Yesterday the UK’s Special Immigration Appeals Commission decided that a number of suspected terrorists (the so-called ‘Pathway Students’) could not be deported to Pakistan as they faced a real risk there of being subjected to torture, inhuman or degrading treatment or punishment in contravention of Article 3 of the European Convention on Human Rights. The open decisions are available here and here. This was notwithstanding the fact that the United Kingdom, which had wanted to deport them, had in fact acquired diplomatic assurances/memoranda of understanding from Pakistan assuring that they would not be subjected to any such treatment. The difficulty identified by the SIAC was not necessarily with the deportation so to speak or even with the concept of acquiring such assurances (they are permissible in some cases—see my article here for a quick overview), but rather with the fact that the assurances were to be kept confidential and, as a result, could not really be challenged or measured for compliance. At paragraph 36 of this decision, the SIAC put it thus:
It is theoretically possible that a written private assurance could [be satisfactory], but unless it was written and unequivocal, it would be open to later misunderstanding and would, in any event, be publicly deniable. Verification of a confidential assurance would be problematic and could not provide the protection to an individual which public scrutiny, by the High Commission, by local media, by family and by organisations such as Human Rights Watch and Amnesty International, can provide. For these reasons, we agree with SIAC’s observations in Y and Othman and would not be willing to accept confidential assurances as a sufficient safeguard against prohibited ill-treatment in a state in which otherwise there was a real risk that it would occur.

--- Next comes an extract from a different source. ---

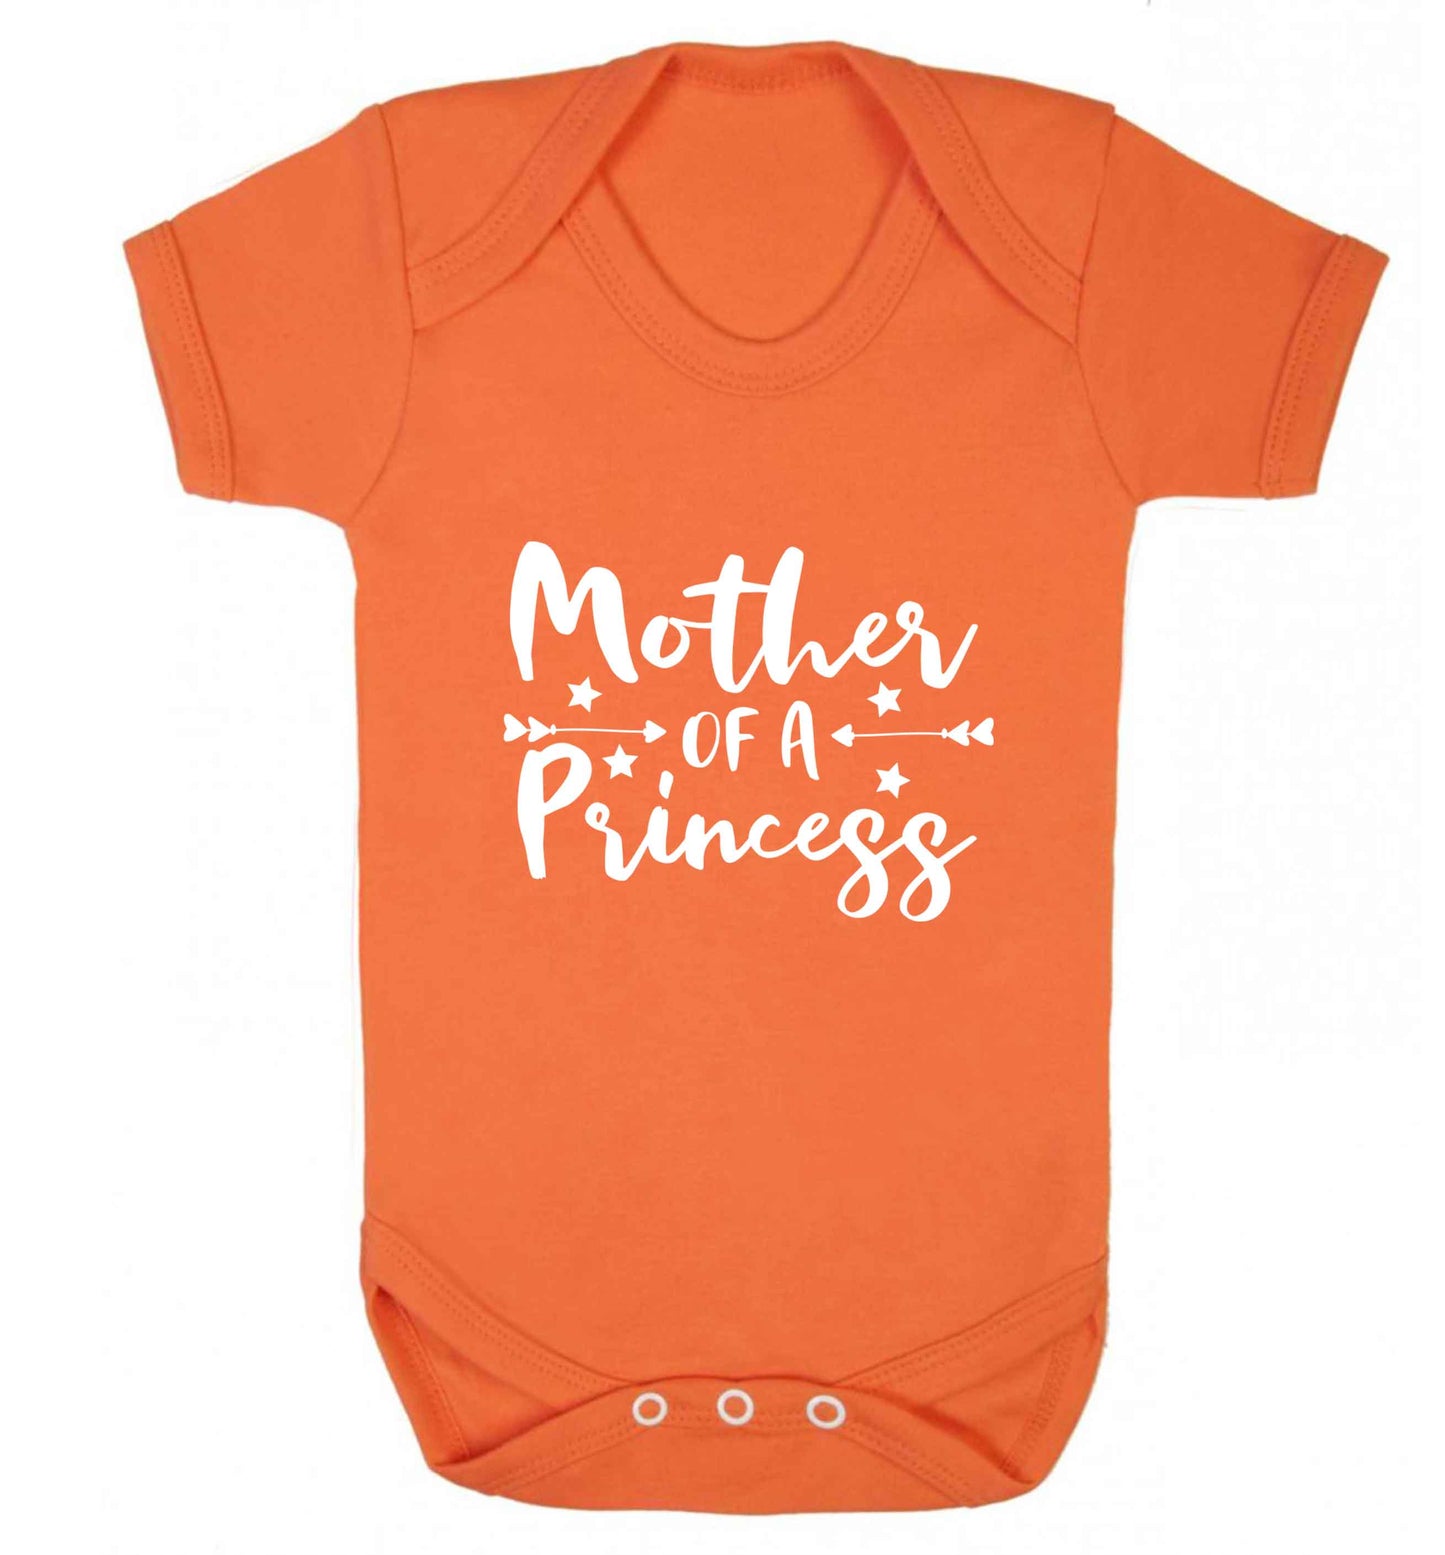 Mother of a princess baby vest orange 18-24 months

This is yet another set-back for the UK in its attempt to find ways around the European Court of Human Right’s decision in Chahal, since reinforced as absolute in Saadi (case | comment) that Article 3 includes an absolute obligation not to expel anyone to a country where they might be subjected to treatment that violates it.
Article 3 provides:
No one shall be subjected to torture or to inhuman or degrading treatment or punishment.
Since the attacks of 11 September 2001 and the beginning of the ‘War on Terrorism’ the United Kingdom has been challenging the absoluteness of the Chahal principle. Indeed, acting as an intervenor in Saadi v Italy, the UK argued that the principle needed recalibration in light of the exceptionality of the threat posed by Al Qaeda and associated forces. They thought that the extent of the risk the prospective deportee would have to prove should be higher where s/he had been identified as a terror suspect. The Strasbourg Court, however, rejected that proposition finding instead that the protection from torture is absolute, therefore no matter how dangerous a person might be thought to be there could never be any grounds for reducing that protection by increasing the burden on the individual to prove level of risk. In Saadi the Court did not reject the capacity of assurances between governments to satisfy a state’s Article 3 obligation of non-refoulement (as it is known), but reinforced the principle that these assurances must be capable of protecting the individual in a practical sense.
It is difficult to see how the authorities can make any effective progress in the suppression or even restriction of terrorist activities in this country if their hands are so firmly tied behind their backs by the manacles forged under Article 3. If the new government’s anti-terrorism strategy is to be picked out of the ruinous state in which it currently lies, it is to be hoped that judicial bodies like SIAC do not continue to reject out of hand destination countries’ reassurances as to the safety of deportees, or good evidence of such safety merely because it has to remain confidential. Continued deference to this broad interpretation of Article 3, ever requiring a country to put its own security at risk, makes a mockery of the Convention in general and the Article 2 in particular, which is after all designed to protect the right to life of people living within the signatory state’s own jurisdiction.
I don’t think I can agree with the tenor of this conclusion. Does forcing the State to at least be open about its assurances with the recipient state constitute tying its hands behind its back, especially when—at bottom—the acquisition of such assurances is an implicit acknowledgment that the individual is at risk in the recipient state? Otherwise, why would such an assurance be necessary? I don’t think that this constitutes a rejection “out of hand” of such assurances, but merely an insistence that these assurances would be adequate and that includes them being subject to some kind of monitoring or challenge. Such monitoring or challenge is not, in my view, possible where there is extreme secrecy around their contents. I suspect that Rosalind and I are approaching this from entirely different angles. For me it is not decisions such as this that “make a mockery of the Convention in general”; rather such decisions are in my view attempting very strongly to strike an appropriate balance (with due apologies for and acknowledgment of the difficulty associated with using the term) between a State’s legitimate security concerns and a State’s obligation to protect all those within its jurisdiction under the Convention. Of course, the decision may spur on those who want to see an end to the Human Rights Act, as Colin has written about below. This, in my view, is far more worrying than its impact on UK counter-terrorism.